9.2 Developer shall indemnify and hold harmless Newell and its Affiliate Companies, their agents and their successors, and their respective directors, officers, members, employees, and agents, from and against any claim, expense, fine, levy, penalty, liability, or tax of any kind, including but not limited to any employment, worker’s compensation, unemployment compensation, or similar tax or any liability for contributions to an employee benefit plan or benefits paid under any such employee benefit plan, sought to be imposed on Newell by any governmental authority or person on the grounds that Developer or any of Developer’s employees is an employee of Newell. Developer further agrees to indemnify and hold harmless Newell, and its members, employees, and agents, from and against any costs of litigation and reasonable attorneys’ fees incurred by Newell in the course of any proceedings in which any such claim, expense, fine, levy, penalty, liability, or tax is sought to be imposed on Newell.

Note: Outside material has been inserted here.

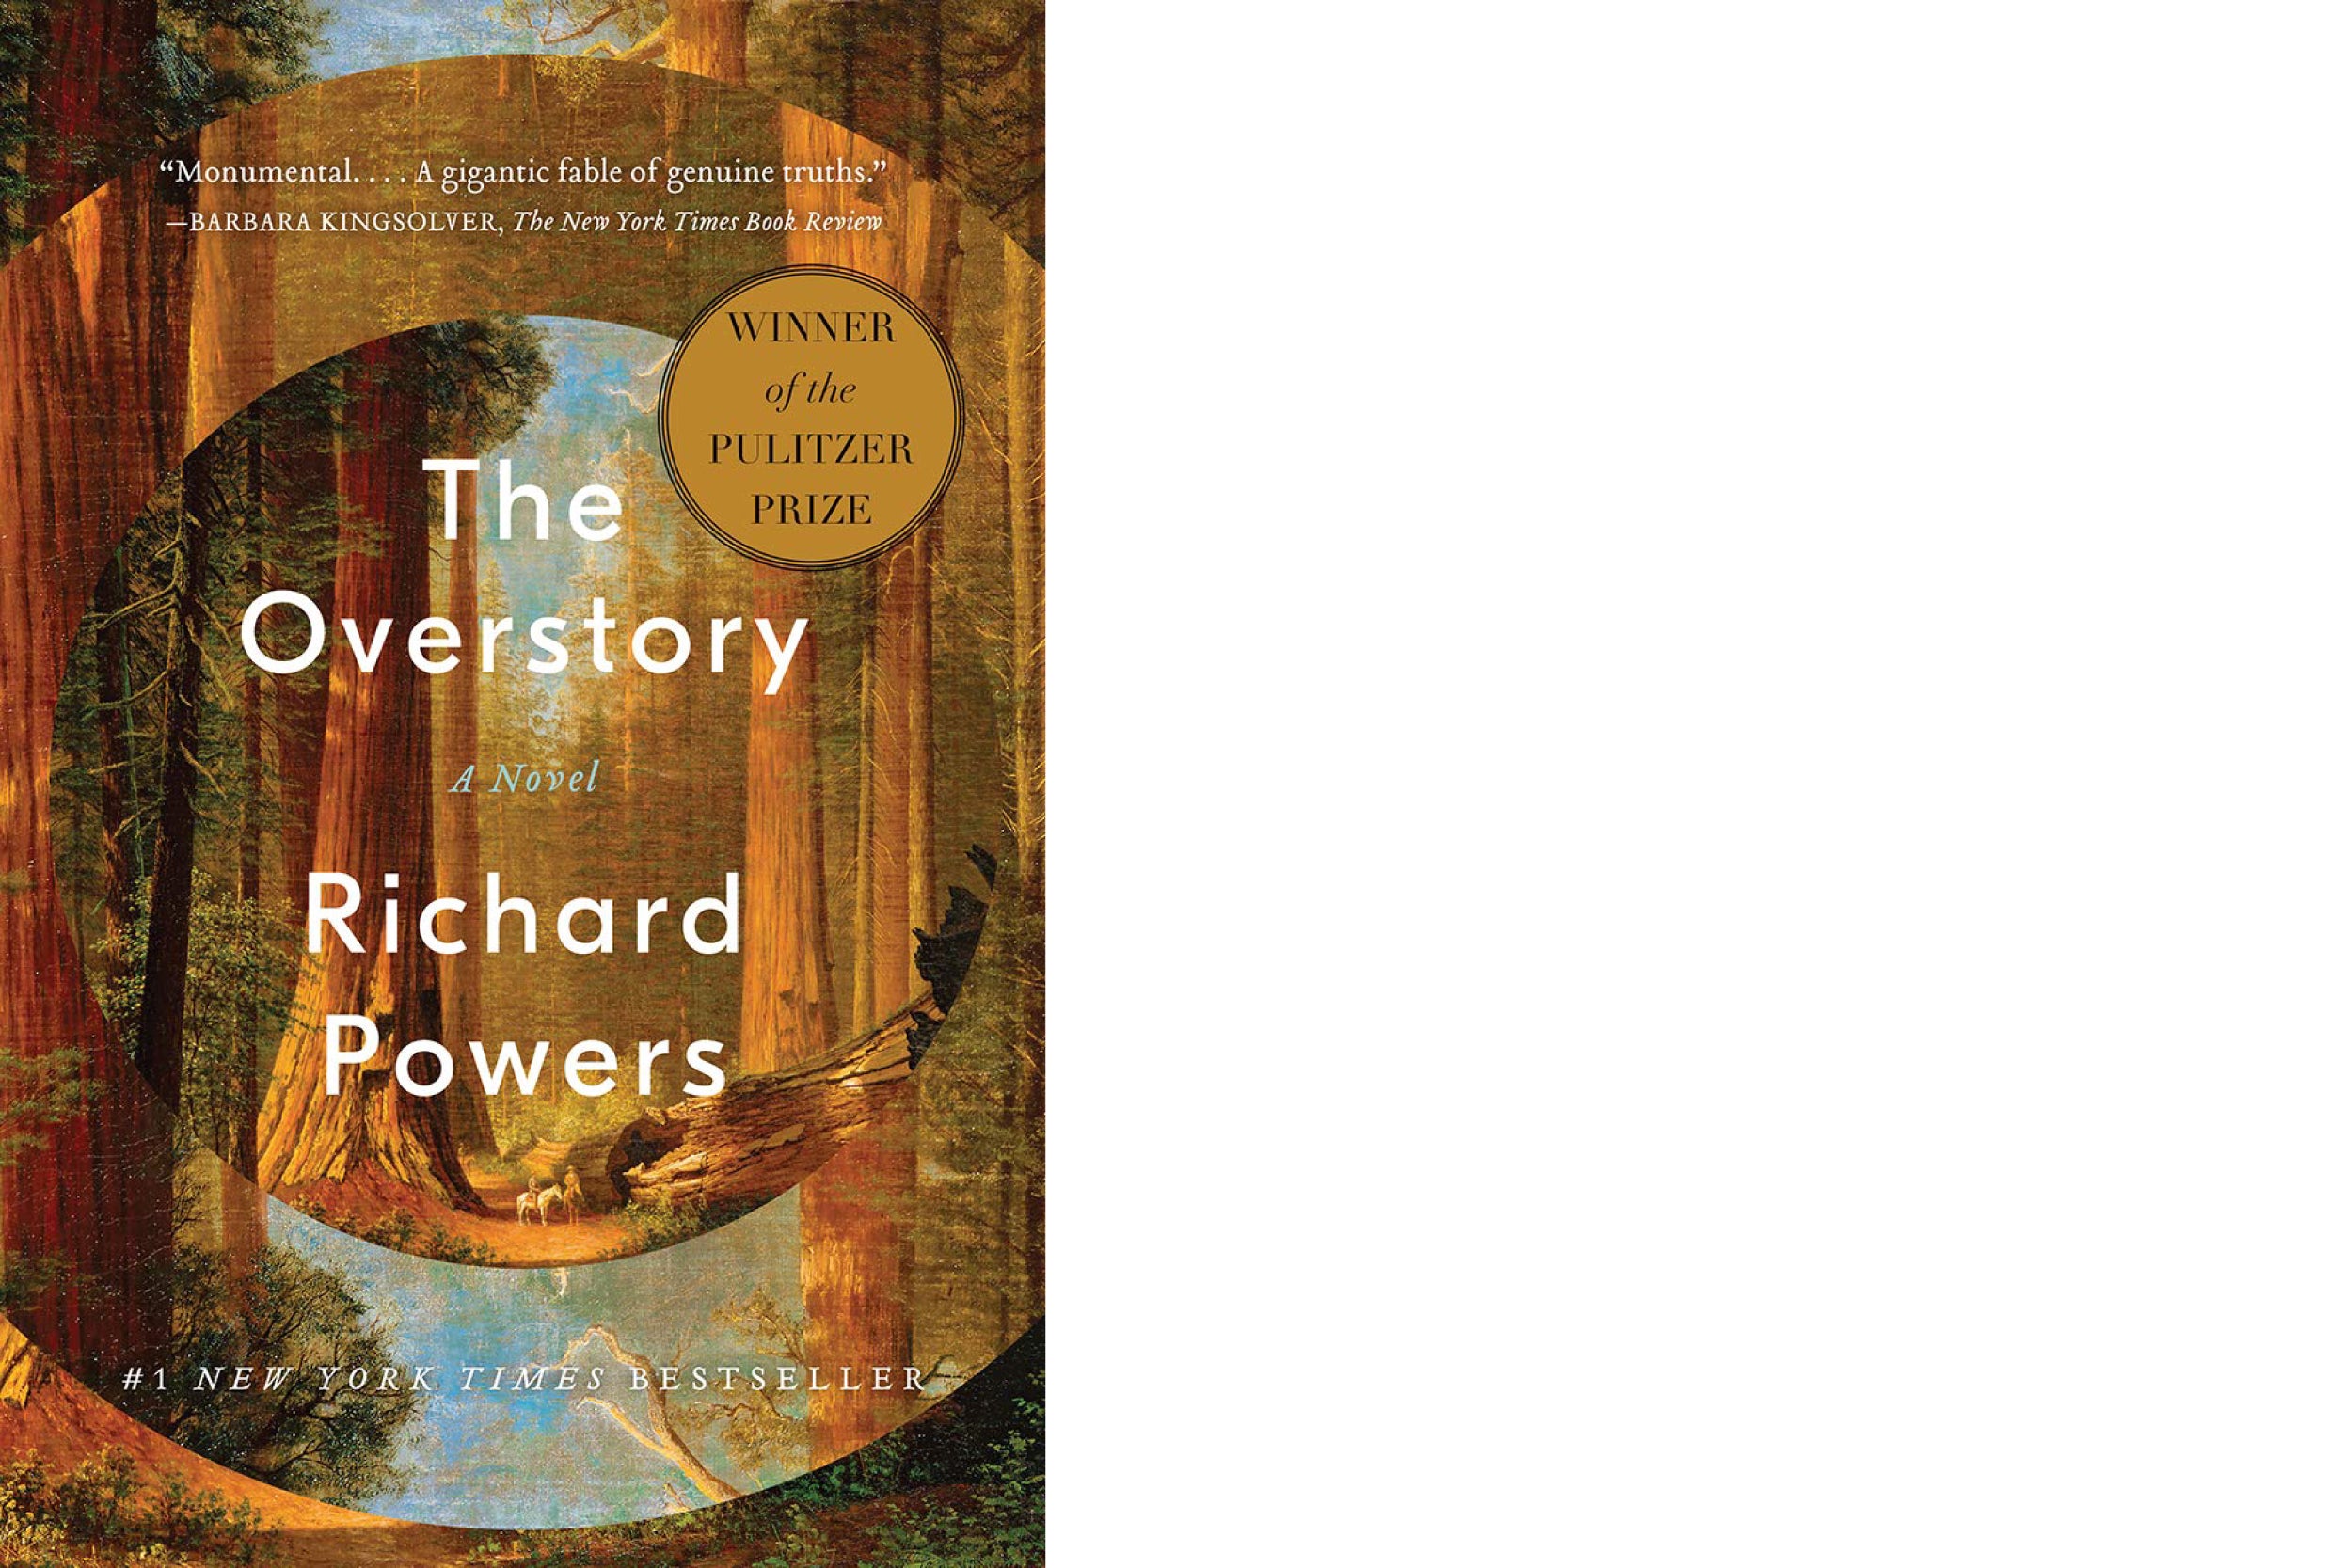 Book cover: “The Overstory” by Richard Powers.

9.3 Developer shall indemnify and hold harmless Newell and its Affiliate Companies, their agents and their successors and their respective directors, officers, members, employees, and agents, from and against any and all claims, losses, damages, expenses, demands, suits, judgments, penalties, and costs of any kind whatsoever, including reasonable attorneys’ fees and expenses, arising out of or based upon any property damage or any bodily injury (including death at any time resulting from such bodily injury) to any person, including employees of Developer or any subcontractor caused by or related to the performance of the Services. Except as may be otherwise provided by applicable law or any governmental authority, Xxxxxx’x right to indemnification under this subsection 9.3 shall not be impaired or diminished by any act, omission, conduct, misconduct, negligence or default (other than gross negligence or wilful misconduct) of Newell, any of its Affiliate Companies or any employee of Newell or its Affiliate Companies who contributed or may be alleged to have contributed thereto.
9.4 Developer shall indemnify and hold harmless Newell, its agents and its successors and their respective directors, officers, members, employees, and agents, from and against any and all losses, claims, damages, expenses (including attorneys’ fees and costs) and liabilities arising at any time as a result of the subcontracting of any Services pursuant to this Agreement.
9.5 Developer shall indemnify and hold harmless Newell, its agents and its successors and their respective directors, officers, members, employees, and agents, from and against any and all claims, losses, damages, expenses, demands, suits, judgments, penalties, and costs of any kind whatsoever, including reasonable attorneys’ fees and expenses, arising out of Developer’s breach of this Agreement.
9.6 Newell shall promptly notify Developer in writing of any claim asserted against Newell that Developer has an obligation to indemnify Newell against pursuant to this Agreement; provided, however, that a failure to so notify Developer shall not relieve Developer of its indemnity obligations unless Developer can demonstrate that it was substantially prejudiced by Xxxxxx’x failure to notify. Newell shall have the right (but not the obligation) to defend any claim or cause of action in respect of which Newell is indemnified and, in the event Newell elects to exercise such right to defend, shall be entitled to select counsel of its choice to conduct such defense and to be reimbursed by Developer for the reasonable costs and expenses of such counsel; provided, that Newell shall not settle such claim or cause of action prior to obtaining the consent of Developer. In the event Newell elects not to defend any such claim or cause of action, Developer shall have the right to defend and settle such claim or cause of action in the name and stead of Newell and in its own name, and to select counsel of its choice to represent Developer and Newell or Newell alone, whichever the case may be; provided, that Developer shall not settle such claim or cause of action prior to obtaining the consent of Newell; and provided, further, that if there is an actual or potential conflict of interest between Developer and Newell with respect to any such claim or cause of action, such that counsel selected by Developer cannot represent both Developer and Newell without waivers of such conflict, Developer shall pay the reasonable costs and expenses of Xxxxxx’x separate legal representation, in addition to the cost of counsel selected by Developer. Newell shall give notice promptly to Developer of its election whether to defend any such claim or cause of action.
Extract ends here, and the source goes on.